- _Data provided_:
Content starts

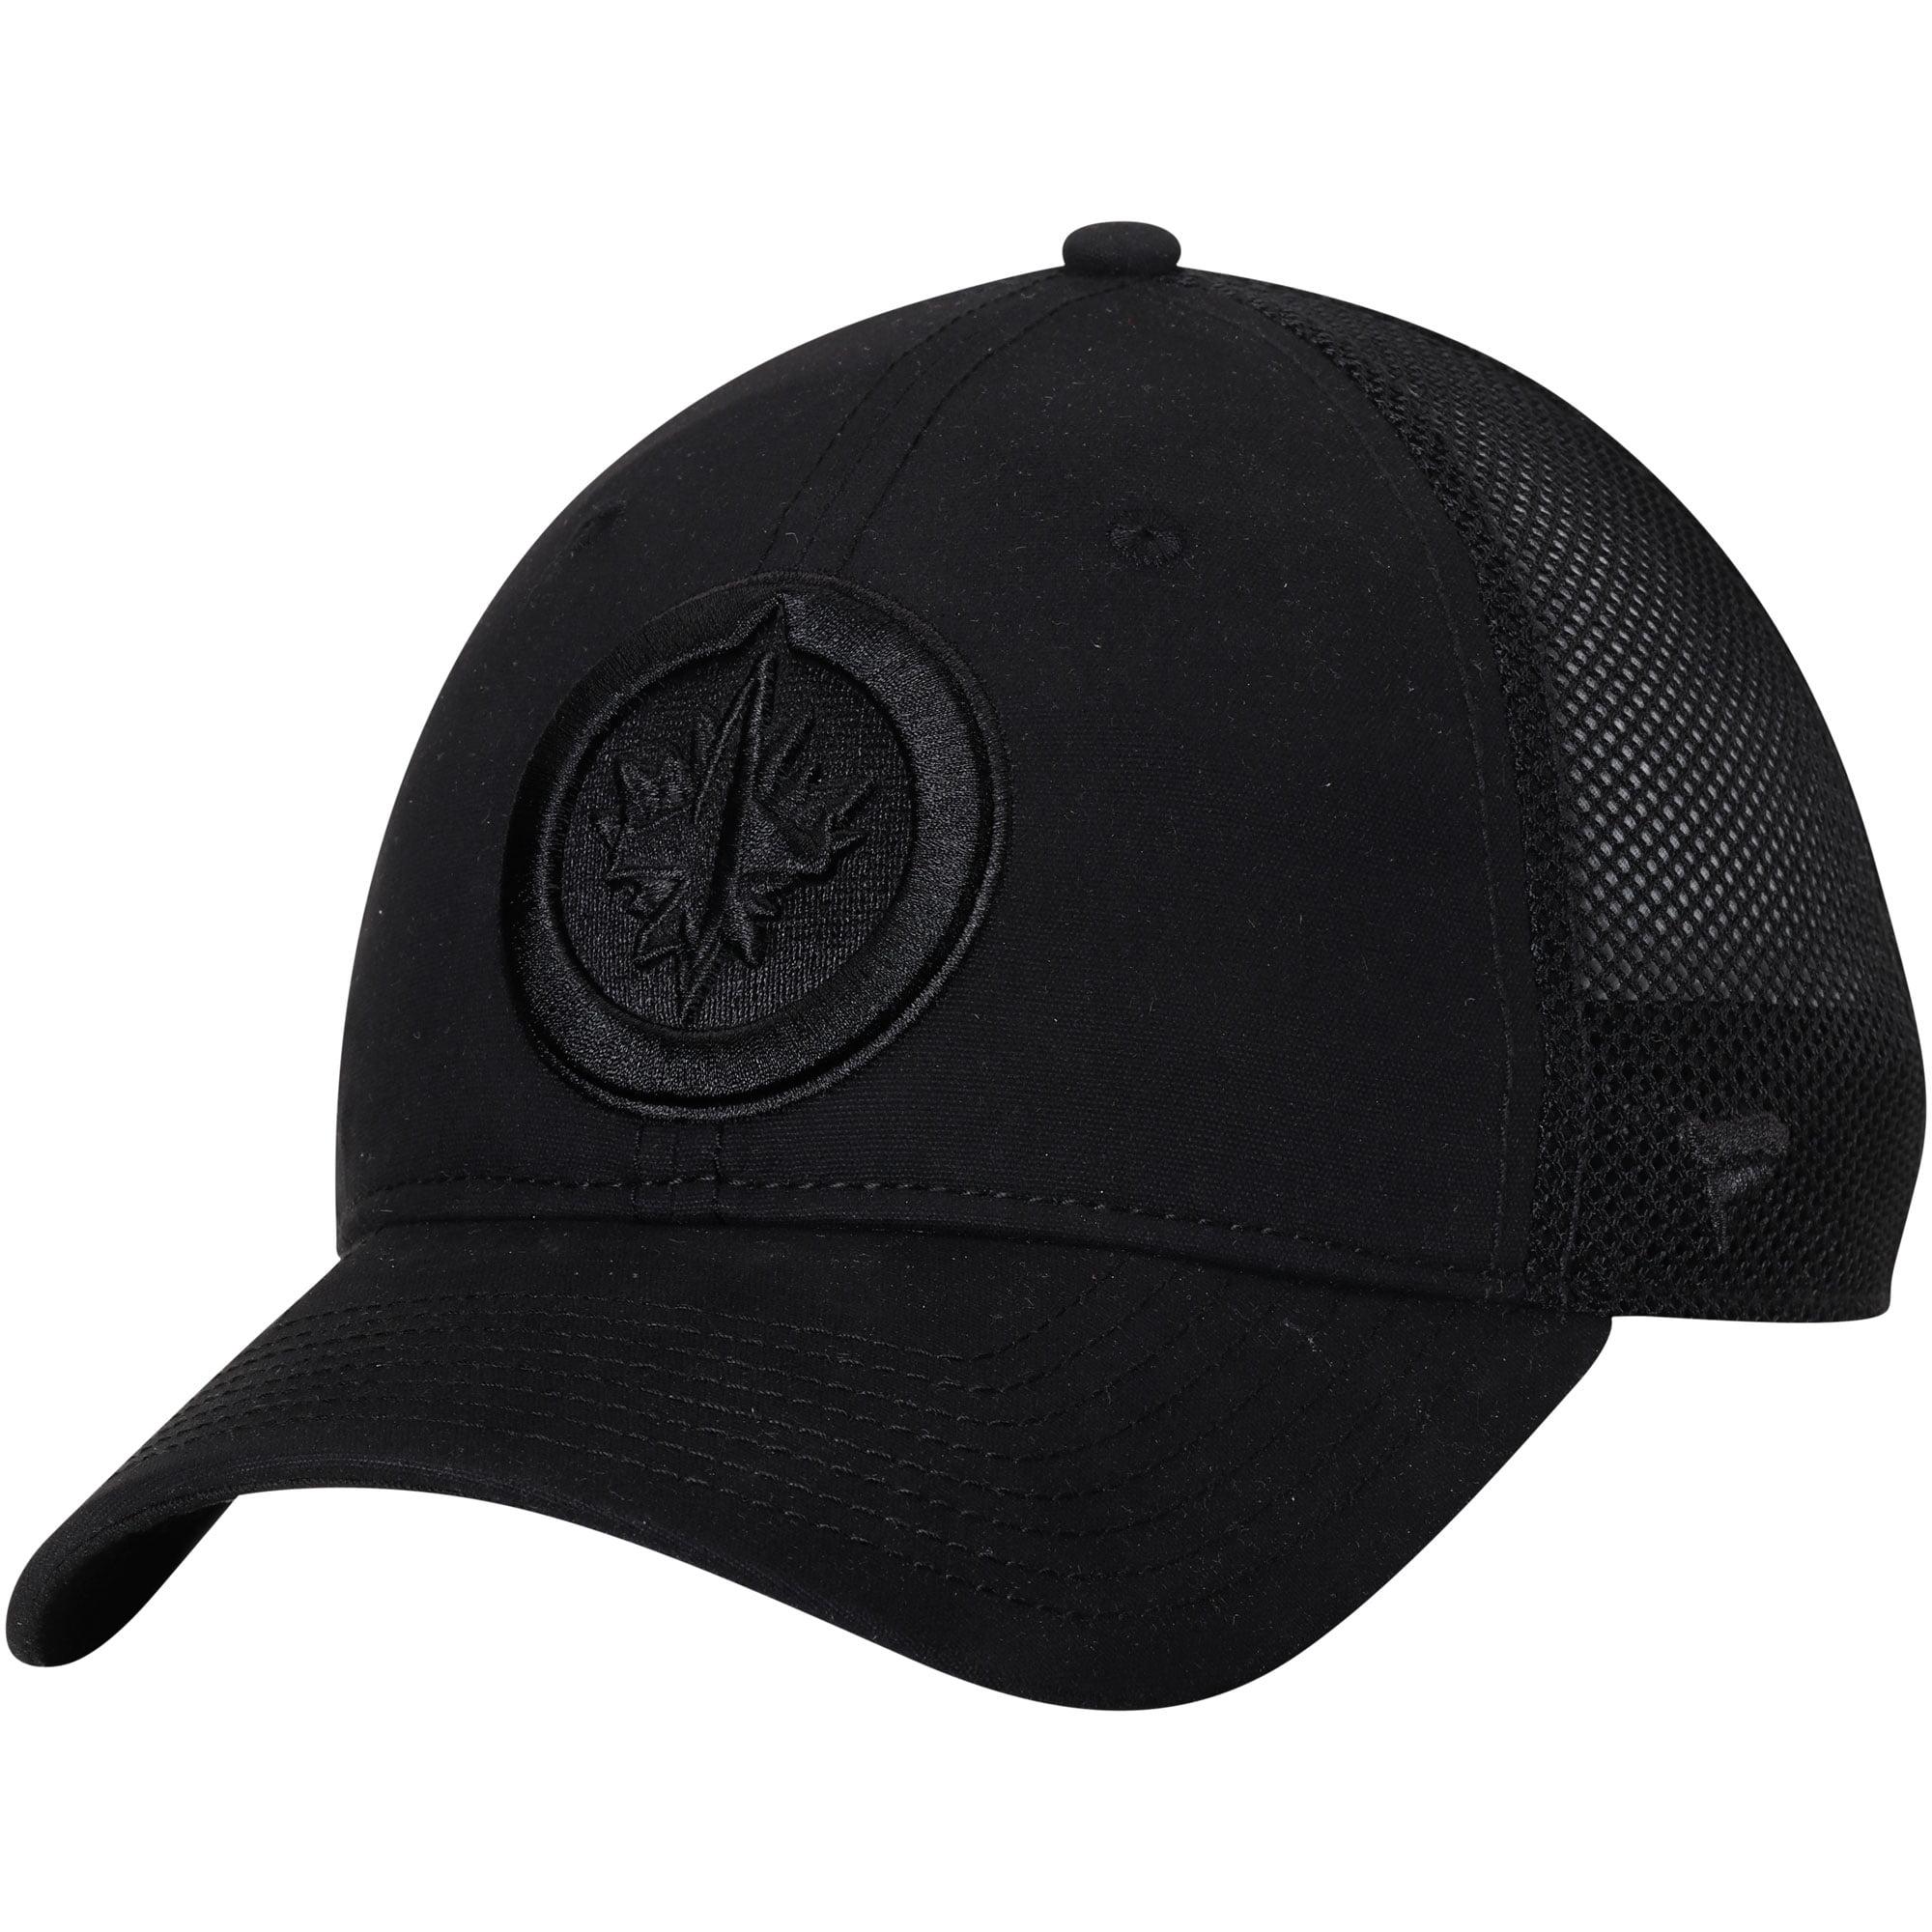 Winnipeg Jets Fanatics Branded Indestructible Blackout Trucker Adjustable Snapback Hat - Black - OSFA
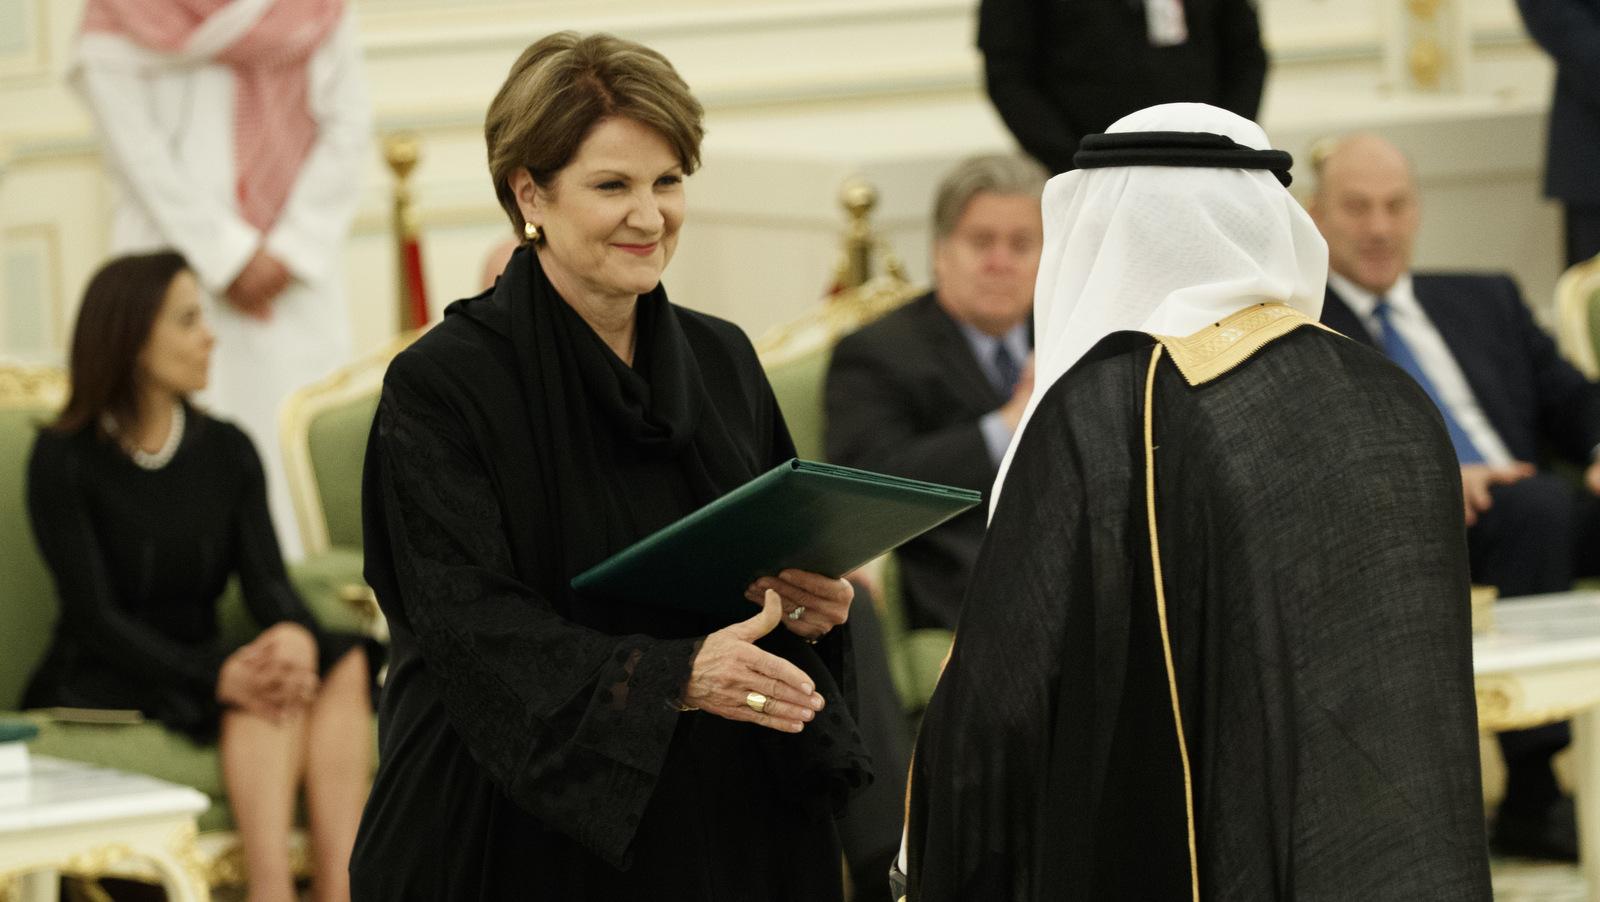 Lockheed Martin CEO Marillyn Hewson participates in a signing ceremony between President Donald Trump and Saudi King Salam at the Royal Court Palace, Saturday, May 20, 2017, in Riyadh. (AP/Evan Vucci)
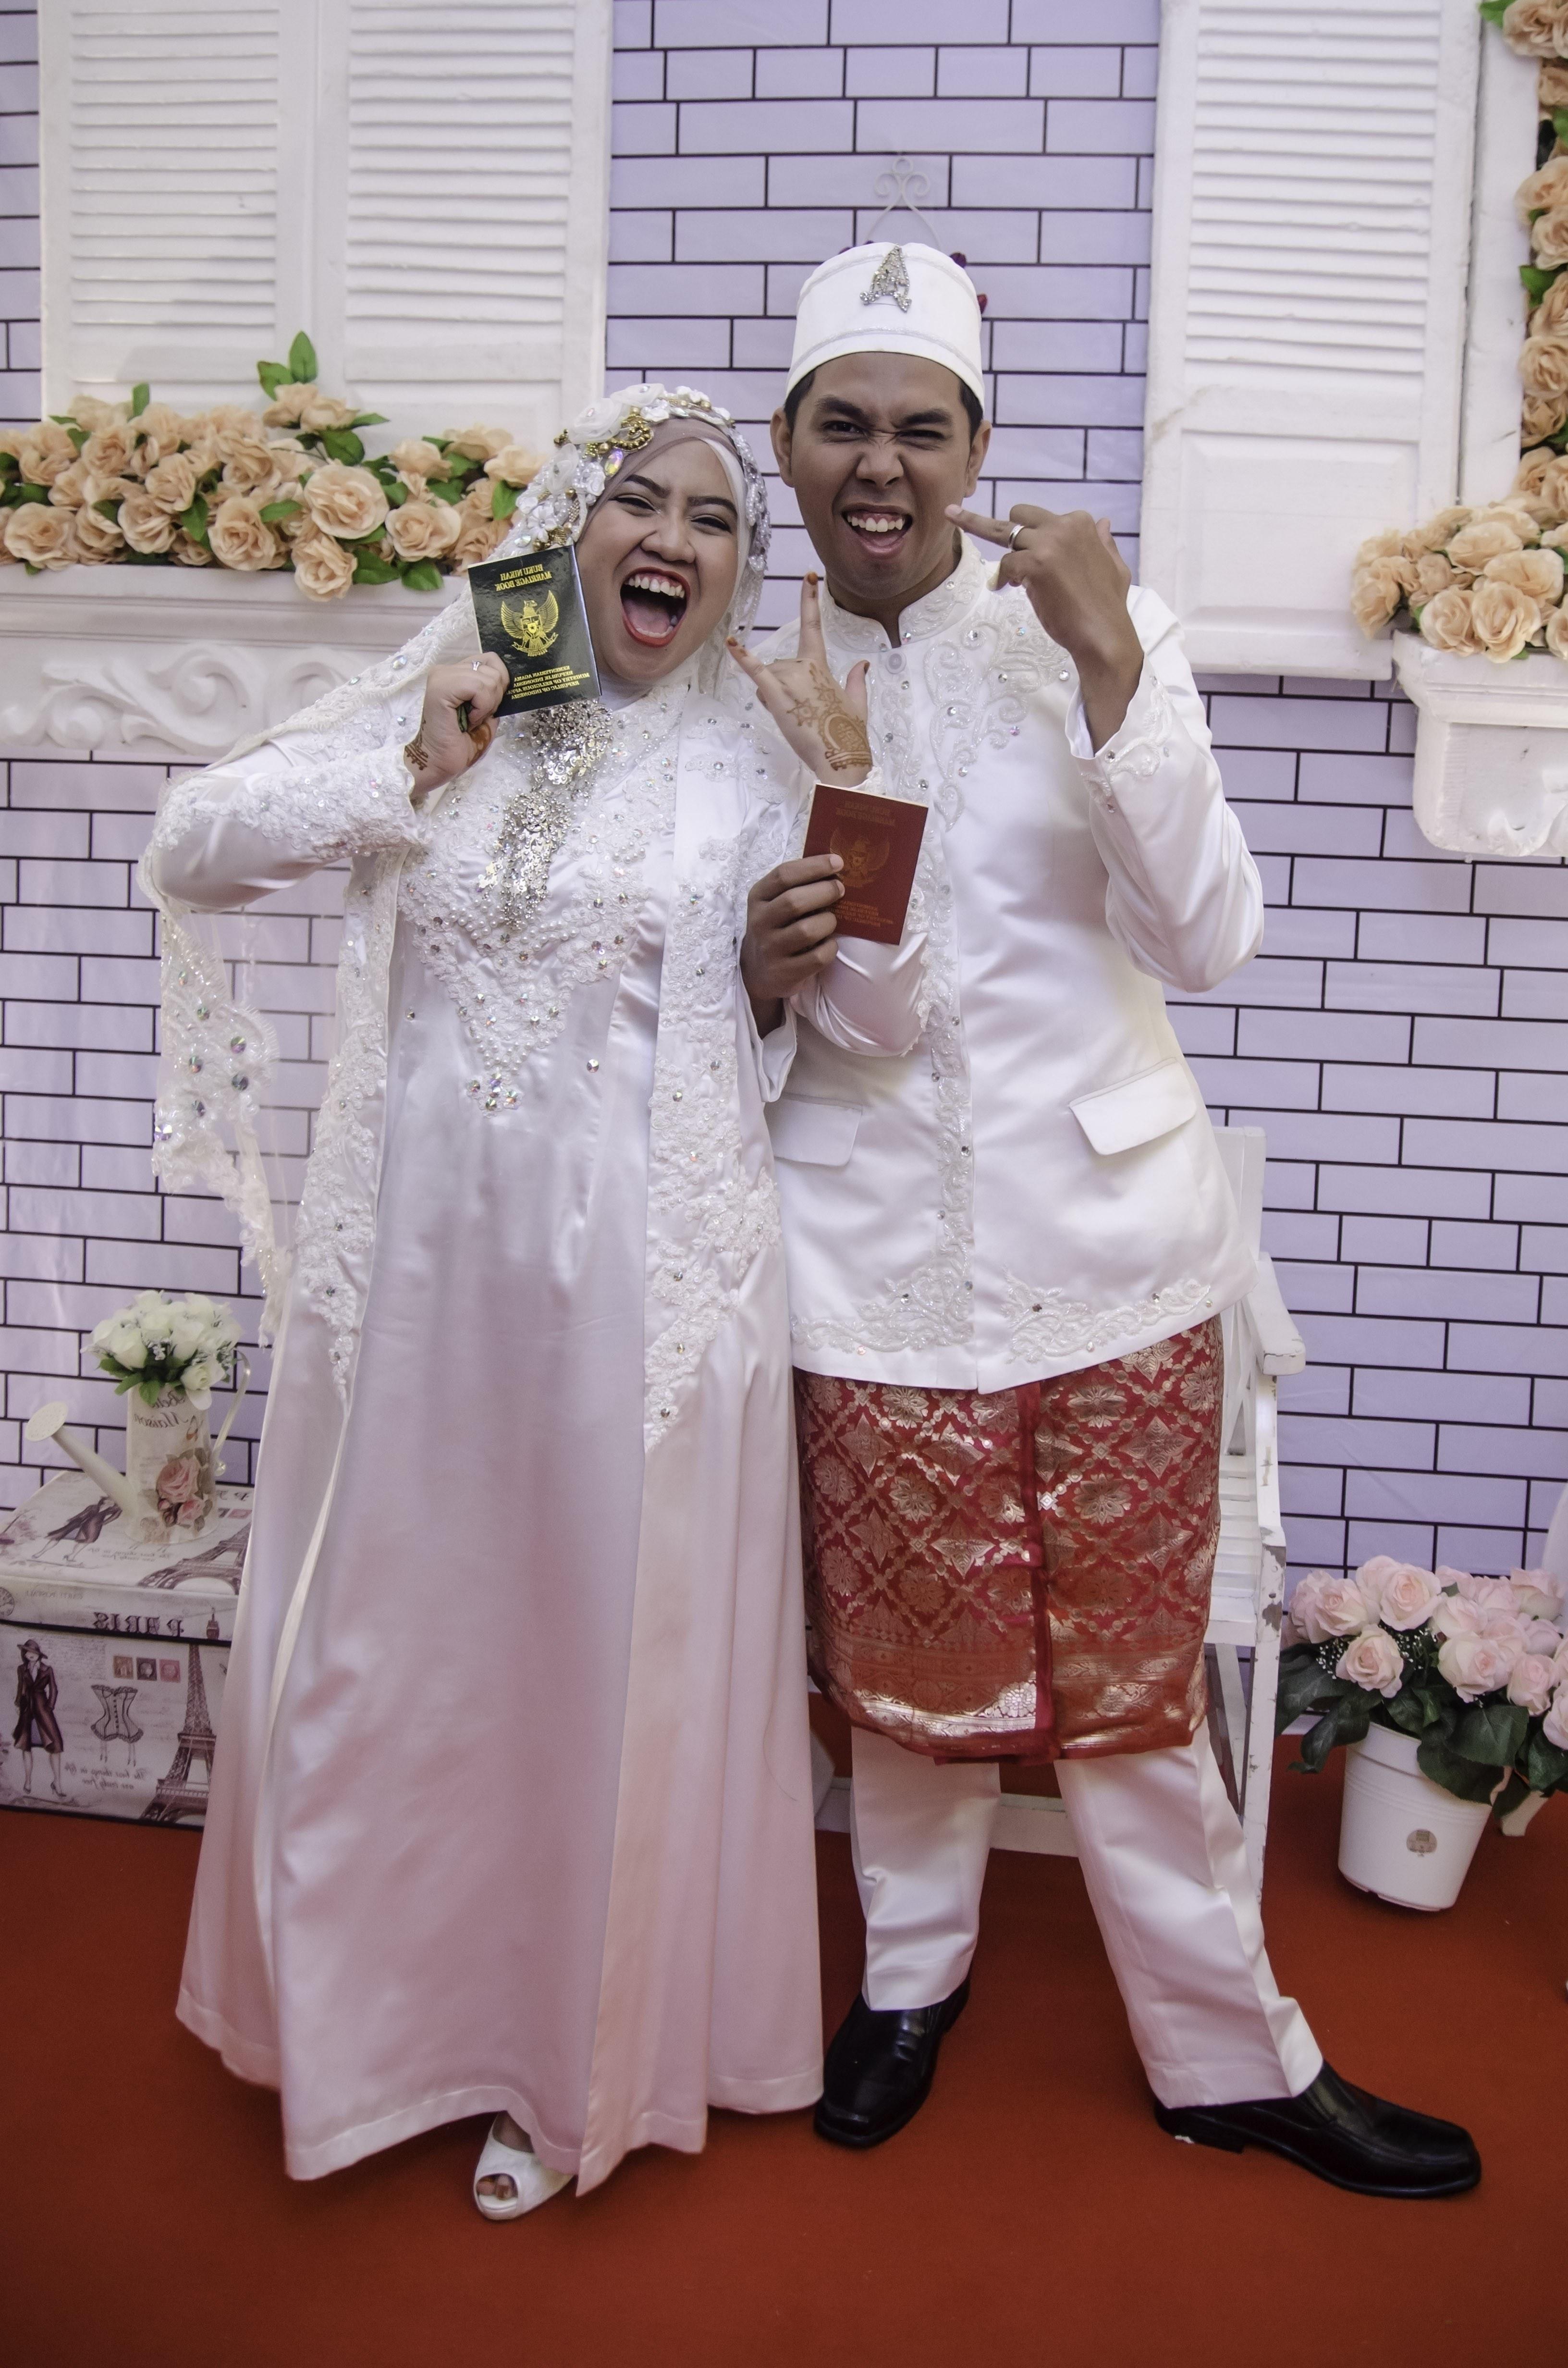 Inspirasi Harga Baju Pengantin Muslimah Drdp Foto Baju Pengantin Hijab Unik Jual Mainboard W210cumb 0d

Content ends

- _Directions_: An exact restatement is expected of the lines from the line containing "Lockheed Martin CEO" to the end of the data above, pictures excluded.

- _Solution below_:
 Lockheed Martin CEO Marillyn Hewson participates in a signing ceremony between President Donald Trump and Saudi King Salam at the Royal Court Palace, Saturday, May 20, 2017, in Riyadh. (AP/Evan Vucci)
 Inspirasi Harga Baju Pengantin Muslimah Drdp Foto Baju Pengantin Hijab Unik Jual Mainboard W210cumb 0d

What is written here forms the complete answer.